Collom has started most of the games for the Seawolves during his two years.

“We thought that he had all the tools to be great, and this year he has put it all together,” Goeltz said. “He is hard on himself, but the greatest thing about him is he bounces backs.”

In one of the games for the Seawolves, Collom lost track of a fly ball in the outfield, and it hit the fence behind him.

“When he came back in, I thought he would commit suicide. He was really angry,” Goeltz said. “But he turned it around and had several hits after that. He was able to compartmentalize. That’s what great players have to do.”

Gavilan coach Neal Andrade also had the chance to see Collom play in a doubleheader in Chico and was impressed by what he saw.

“He still played with the same intensity, was the same kind of guy, the dirt bag he was for us at Gavilan,” said Andrade, who coached Collom his freshman and sophomore years. “He has grown and matured but from what I saw he still has the same love for the game.”

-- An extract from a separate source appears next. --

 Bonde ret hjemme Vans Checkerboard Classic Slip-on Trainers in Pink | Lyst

“It’s pretty exciting not only for him and Sonoma State but also for Gavilan,” Andrade said. “We want to win, but it is ultimately one of our goals to see players move on.”

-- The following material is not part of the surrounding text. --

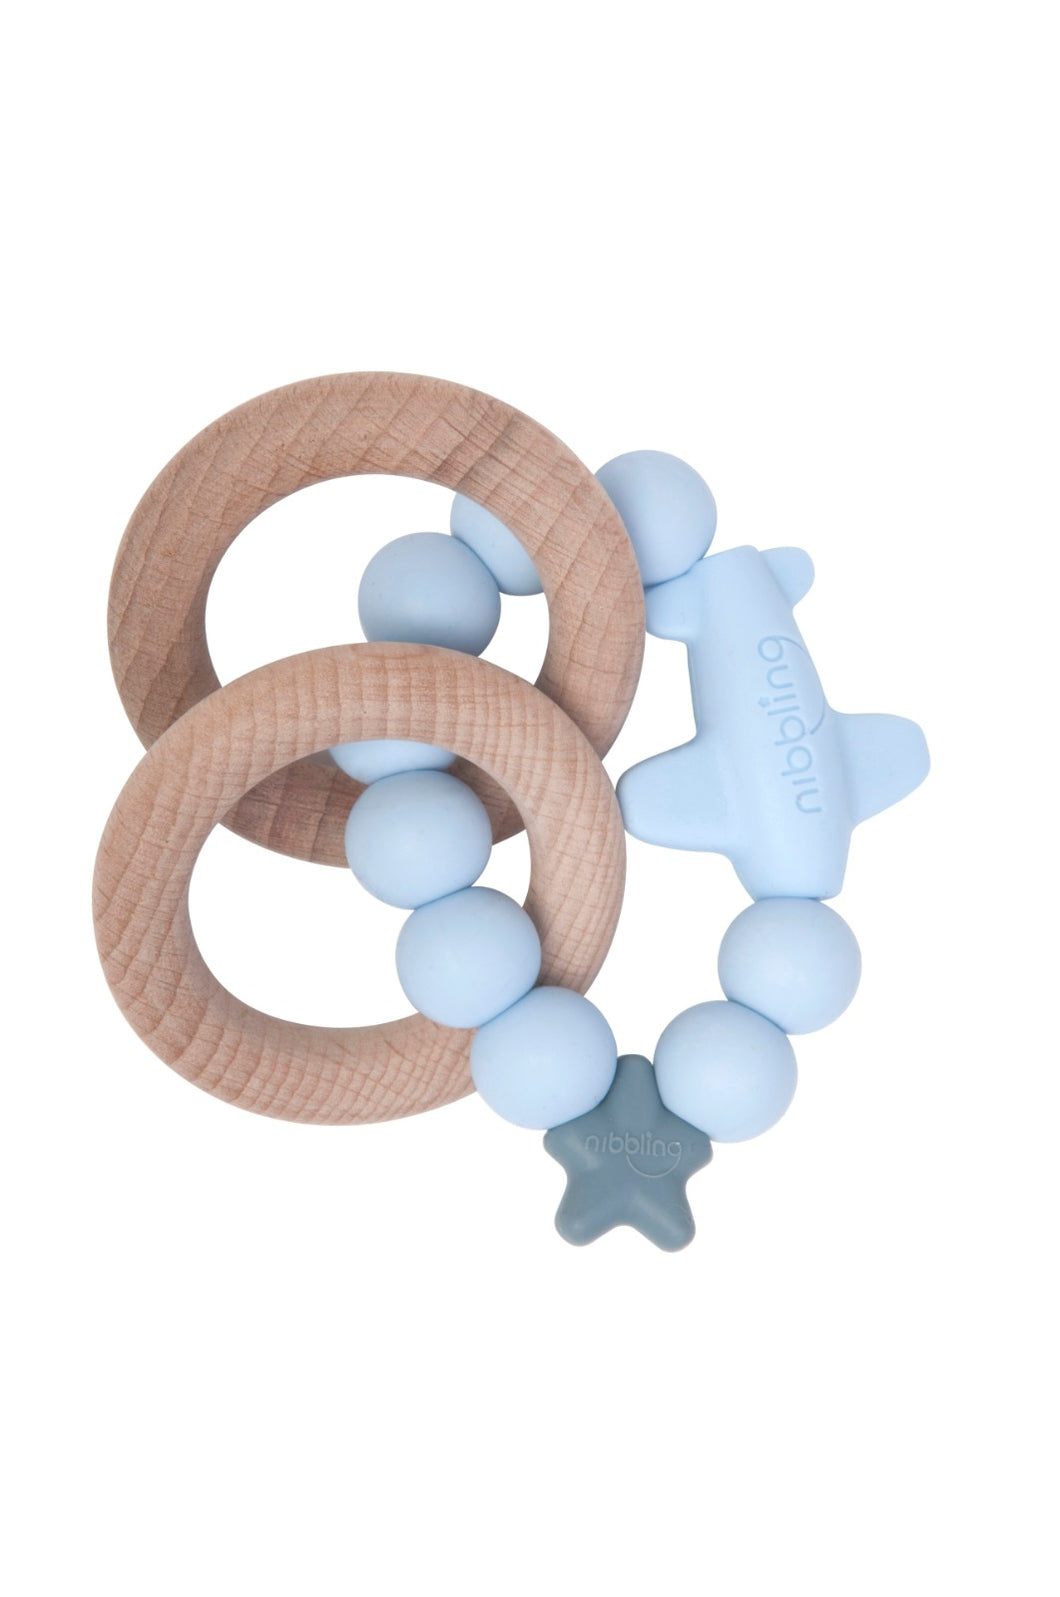 Nibbling Rattle Ring - Jet Natural

The Seawolves season came to an end with a 4-1 loss to Cal State Los Angeles in the regionals. They finished with a 50-12 record after winning the CCAA championship.

“It’s been a really fun ride,” Collom said. “We had so many great team moments. What I will miss most is the team. I came to Sonoma with hopes of winning. This definitely passed all my exceptions. If you’re not having fun, you shouldn’t be playing. I’ll miss the competition. That is something I’ve always loved.”

Collom, who has about a year left before he gets his degree, recently saw a senior teammate sign with the Philadelphia Phillies as a free agent. Collom has received contact from the Giants, Padres, Dodgers, Diamondbacks and Yankees but knows signing at such a late stage is a rarity because teams are looking at younger players. Even still he is holding out of hope of being drafted or signing a free agent contract. He is also interested in coaching.

“The coaches have been telling me to stay in shape and stay in throwing shape just in case,” Collom said. “If it happens, it will be another dream come true. If not, it’ll be just another chapter in my life.”